Fig. 5 illustrates another example dual-kappa DBR laser 500 arranged in accordance with at least one embodiment described herein. As shown, the dual-kappa DBR laser 500 includes an inactive region 502, an active region 504, and an optional Semiconductor Optical Amplifier (SOA) region 506. The passive region 502 may have a length of approximately 215 microns or other suitable length. Active region 504 may have a length of approximately 50 microns or other suitable length. The inactive region 502 and the active region 504 may be the same as or similar to the inactive region 302 and the active region 304 of the dual-kappa DBR laser 300 of fig. 3, except as otherwise noted herein.

The passive region 502 may include a first DBR section 508 and a second DBR section 510. The first DBR section 508 can include a first DBR grating 512 having a first kappa. The length of the first DBR section 508 can be 15 microns or other suitable length. The second DBR section 510 can have a second DBR grating 514, the second DBR grating 514 having a second kappa different from and less than the first kappa. The length of the second DBR section 510 can be 200 microns or other suitable length.

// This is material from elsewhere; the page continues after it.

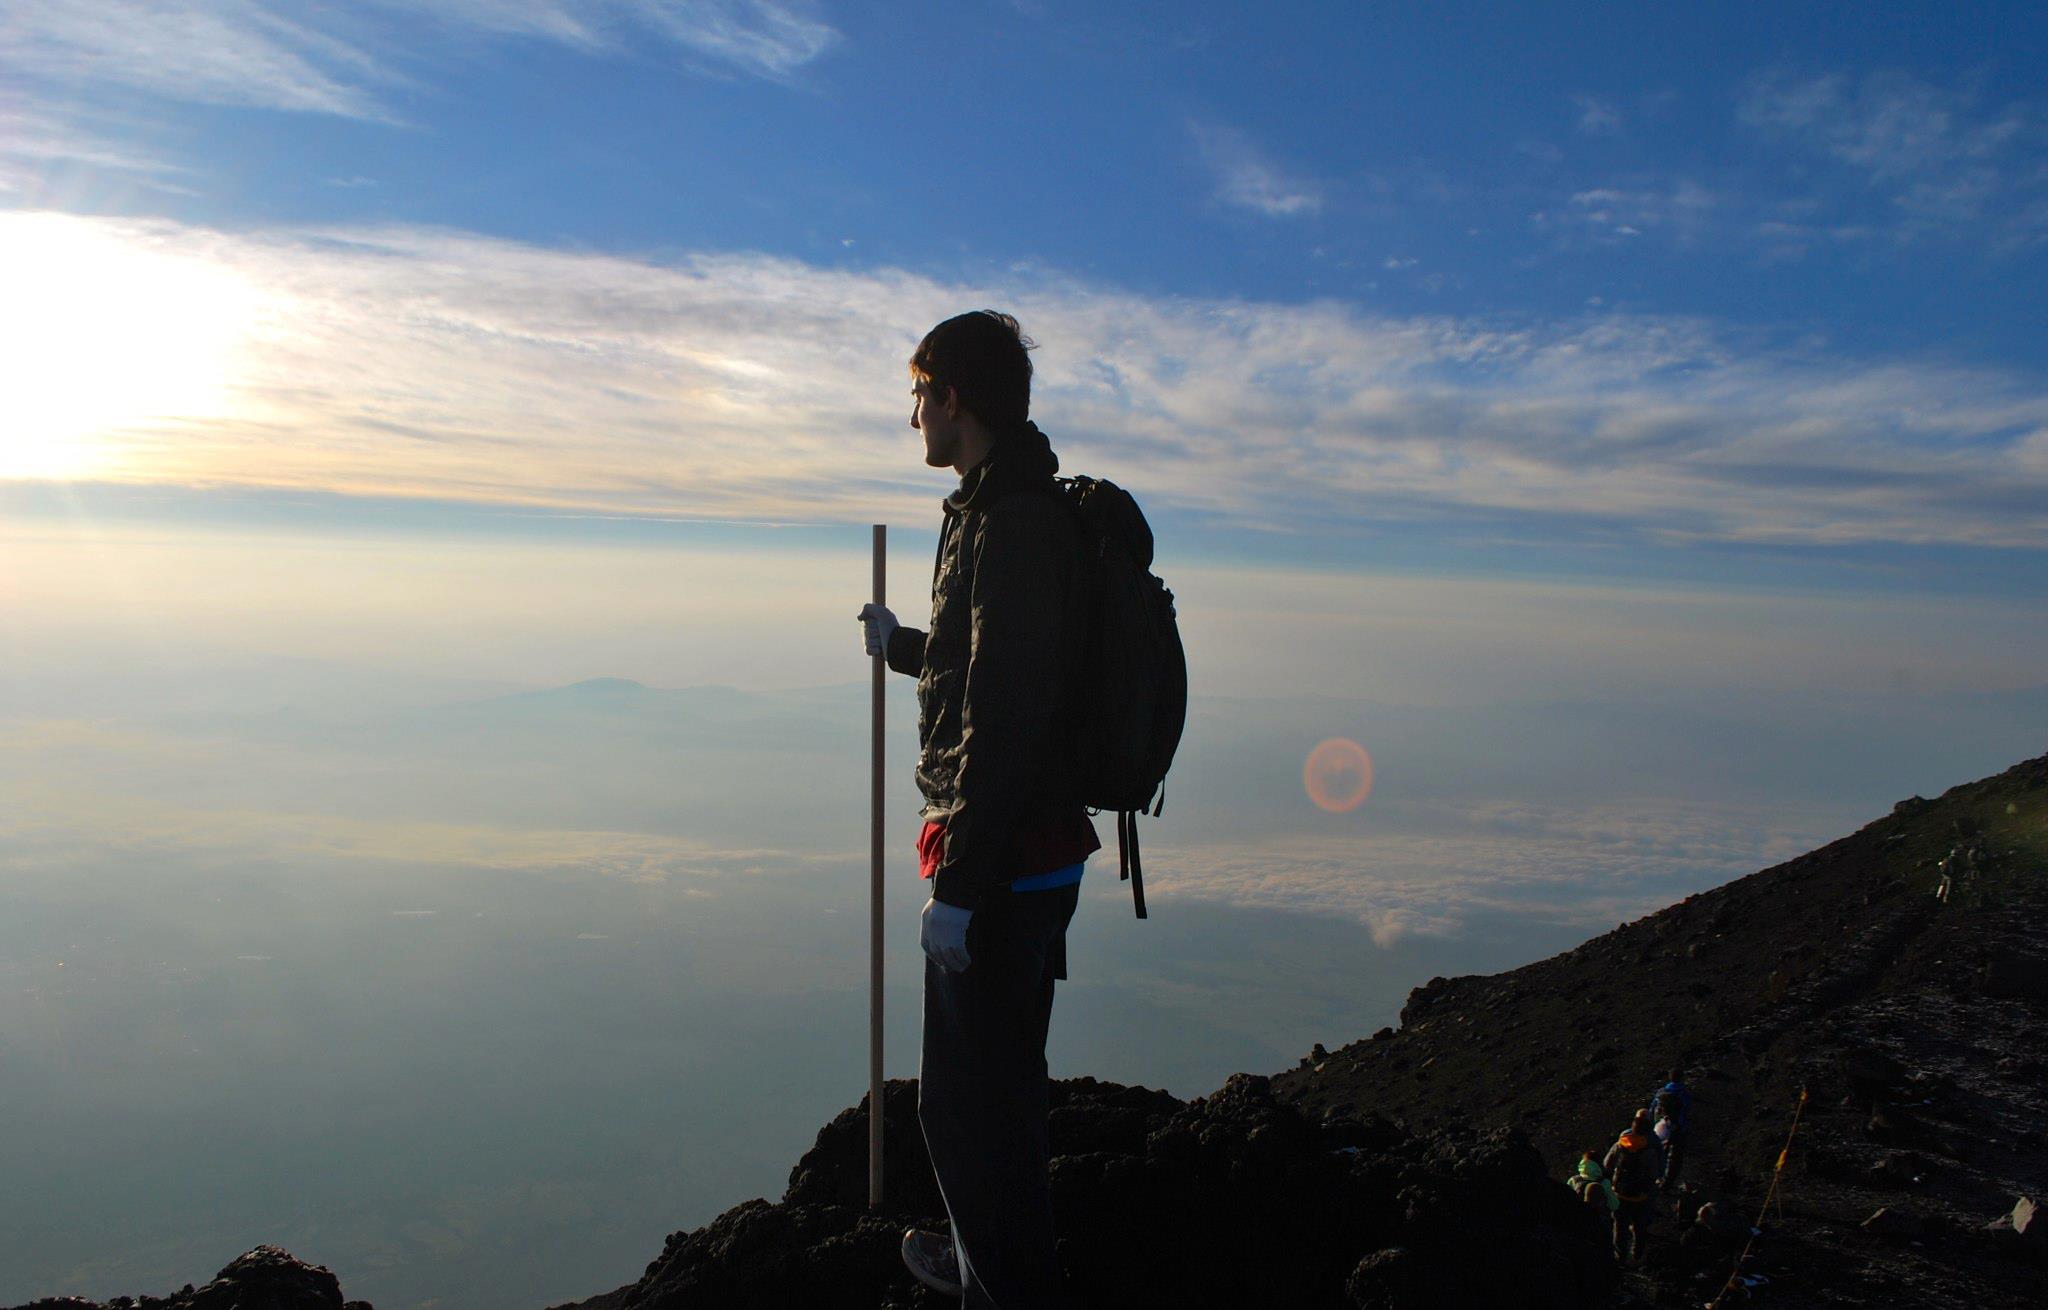 At the top of Mt. Fuji

Active region 504 includes an active region such as MQW layer 516.

A high reflecting mirror 518 (also referred to as a back mirror) is formed at the back 519 of the active region 504, for example, on the back facet. High mirror 518 may be coupled to a rear portion 519 of active region 504. The high mirror 518 may have a reflectivity of 30% or more.

An anti-reflection (AR) coating 520 may be formed at the front 521 of the SOA region 506, for example, on the front facet. The AR coating 520 may be coupled to the front 521 of the SOA region 506.

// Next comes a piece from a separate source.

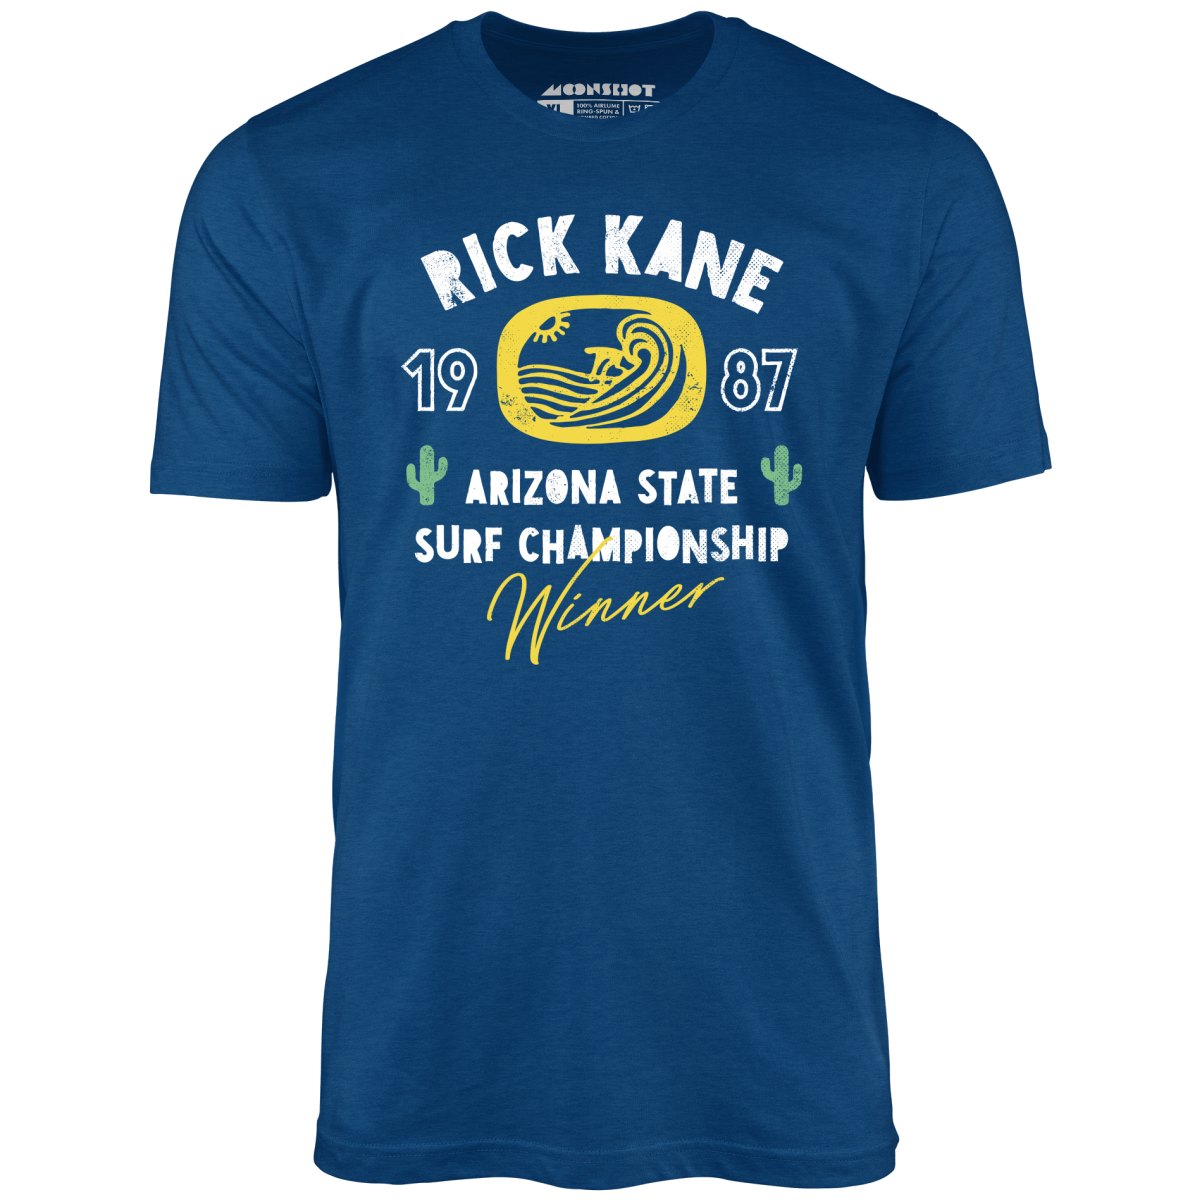 Rick Kane - Arizona State Surf Championship - Unisex T-Shirt

As shown in fig. 5, the dual-kappa DBR laser 500 may additionally include a modulation contact 522, a first bias contact 524, a second bias contact 526, a third bias contact 528, and a fourth bias contact 530. The modulation contact 522 is electrically coupled to the active region 504. The first bias contact 524 is electrically coupled to the first DBR section 508. The second bias contact 526 is electrically coupled to a first portion of the second DBR section 510 that may have a length of about 140 microns or other suitable length. The third bias contact 528 is electrically coupled to a second portion of the second DBR section 510 that may have a length of about 60 microns or other suitable length. The fourth bias contact 530 is electrically coupled to the SOA region 506.

In fig. 5, the second DBR section 510 has separate contacts, for example, a second bias contact 526 and a third bias contact 528, as opposed to the single bias contact (e.g., the second bias contact 326) of the second DBR section 308 of fig. 3. Thus, the dual-kappa DBR laser 500 may be referred to as a split-contact dual-kappa DBR laser 500.

A modulation signal 532 may be provided to active region 504 through modulation contact 522. Modulation of the active region 504 may modulate the cavity loss of the dual-kappa DBR laser 500 and may increase the F of the dual-kappa DBR laser 500_r。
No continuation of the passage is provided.